Wind farms never made much sense when you have such other viable low-footprint options such as nuclear power, but the federal government offers tax breaks to wind farms and hence people are beginning to build more of them — and some environmentalists are beginning to apply the same obstructionist tactics that they would normally apply to more traditional power generating projects.

It was objections from environmentalists such as Robert F. Kennedy Jr., for example, that were responsible for bringing to a halt — at least temporarily — construction of the first off-shore wind farm in the United States. The wind farm was to have been placed of Cape Codd in Nantucket Sound, but the power generating facility is just too ugly to be tolerated.

As businessman Wayne Kurker told the New York Times on why he opposed the wind farm,

I didn’t like the idea that what we consider our Grand Canyon was all of a sudden going to be industrialized.

I.e., generate low-polluting electricity, just do it in someone else’s backyard.

Charles Komanoff, who the Times describes as a “longtime economic consultant to environmental groups” told the Times that such motives are just selfish,

They want to have it all and they won’t brook any trade-off, especially a trade-off that sacrifices their own comfort.

The American Wind Energy Association tells the Times that although wind power generates less than 1 percent of the electricity produced in the United States, by 2020 they predict that will be up to 6 percent. I suspect that prediction’s just a lot of hot air.

Source:

Windmills sow dissent for environmentalists. Katharine Q. Seelye, The New York Times, June 5, 2003.

Brazilian President Offers Hunger Fund Proposal

At the recent G8 summit in France, Brazilian president Luiz Inacio Lula de Silva offered an intriguing proposal — institute a global tax on arms sales and use the money for a hunger fund to alleviate hunger.

Lula told the G8,

My proposal is the creation of a global fund capable of feeding those who are hungry and at the same time creating the conditions to eradicate the structural causes of hunger.

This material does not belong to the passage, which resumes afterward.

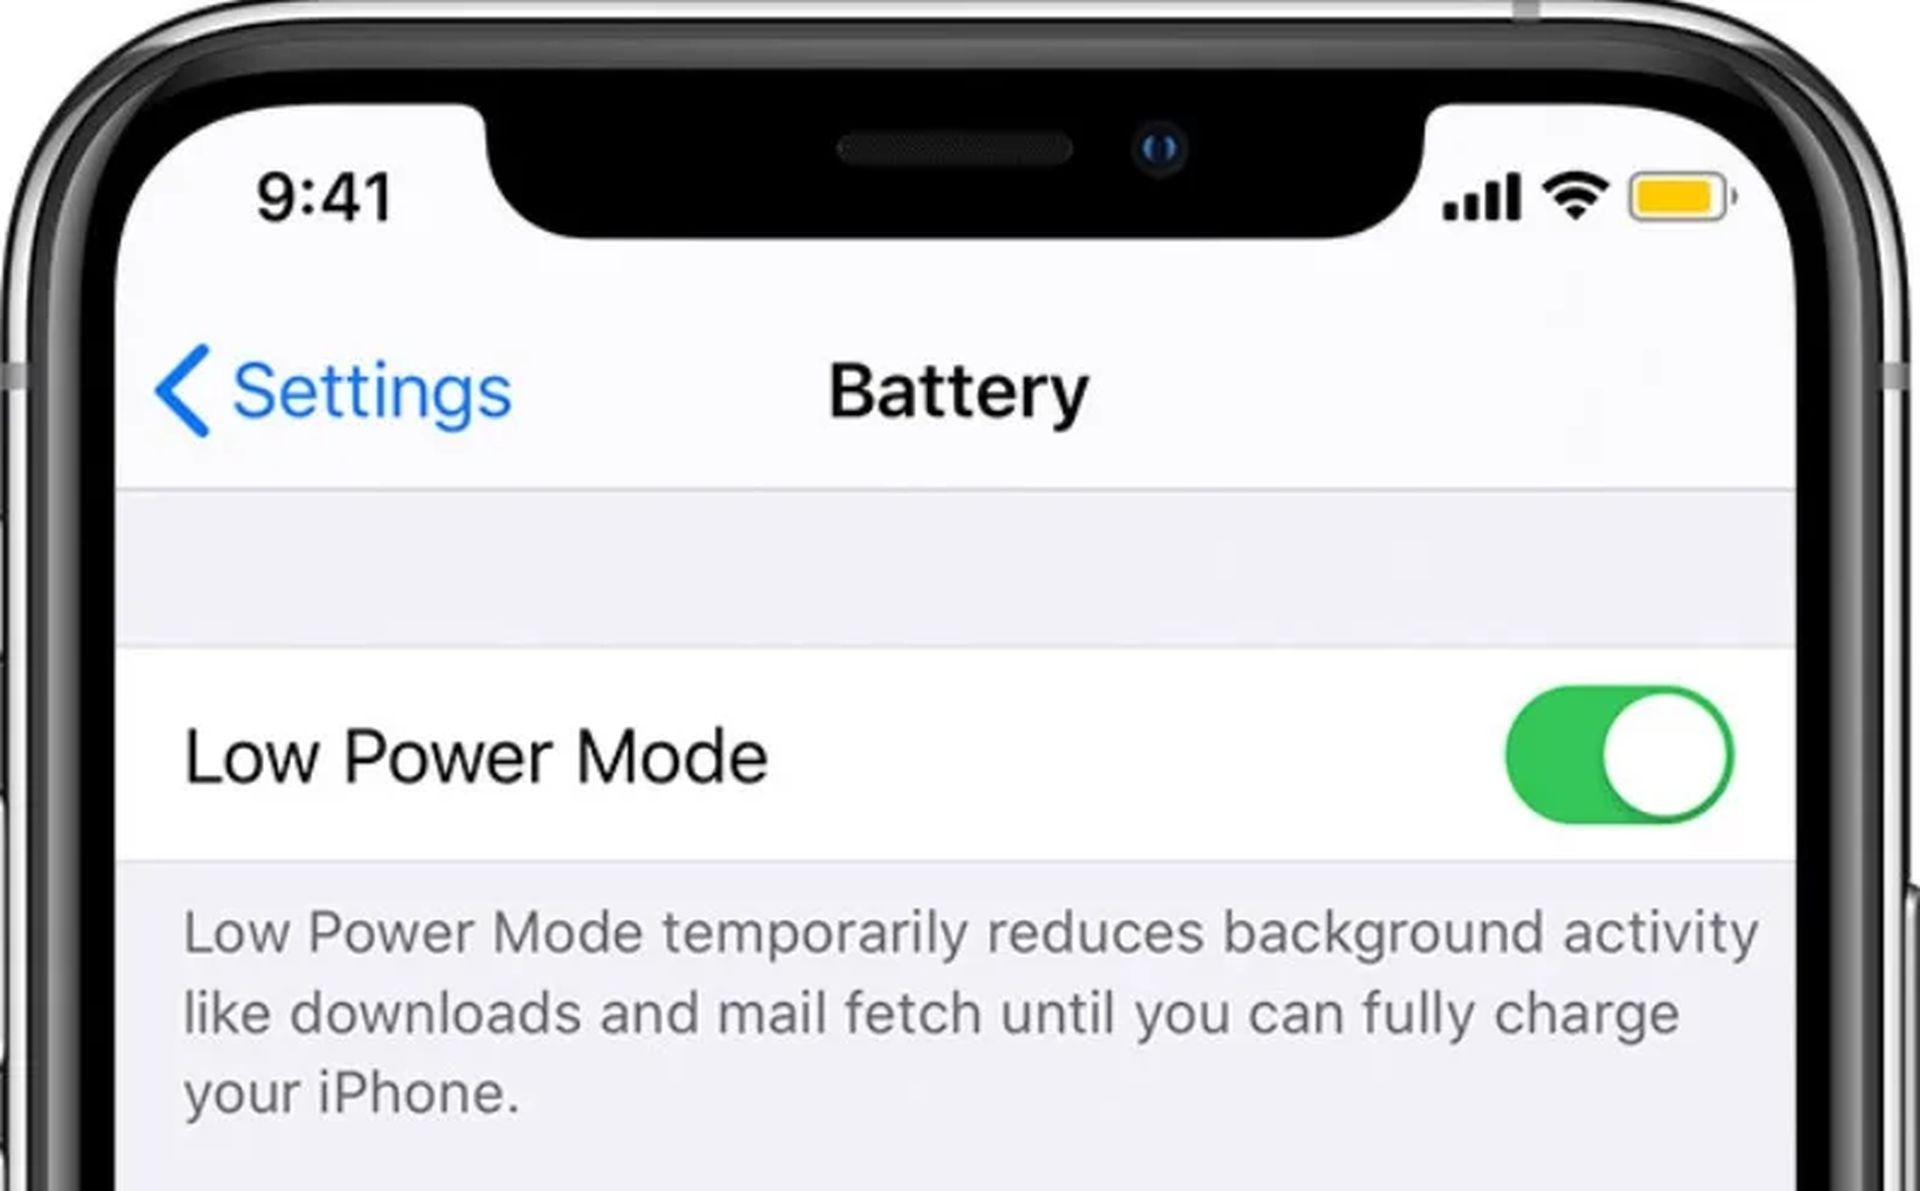 Today, we are covering how to turn off low power mode on iOS and Android, so you don't worry about functionalities being limited while your battery is low.

Like I said, an intriguing proposal but not likely a realistic one. The obvious response to the existence of such a fund would be for developed countries to reduce their aid to forestall hunger on the grounds that now there is this new fund to take up the slack.

It is also difficult to understand how Lula thinks the mere presence of such a fund would be able to solve the structural causes of hunger. Has he taken the time to add up all of the money spent over the last 50 years on this problem and just how ineffective such efforts have been? If simply throwing money at developing nations worked, hunger would have been eradicated decades ago.

Source:

Lula proposes hunger fund. The BBC, June 2, 2003.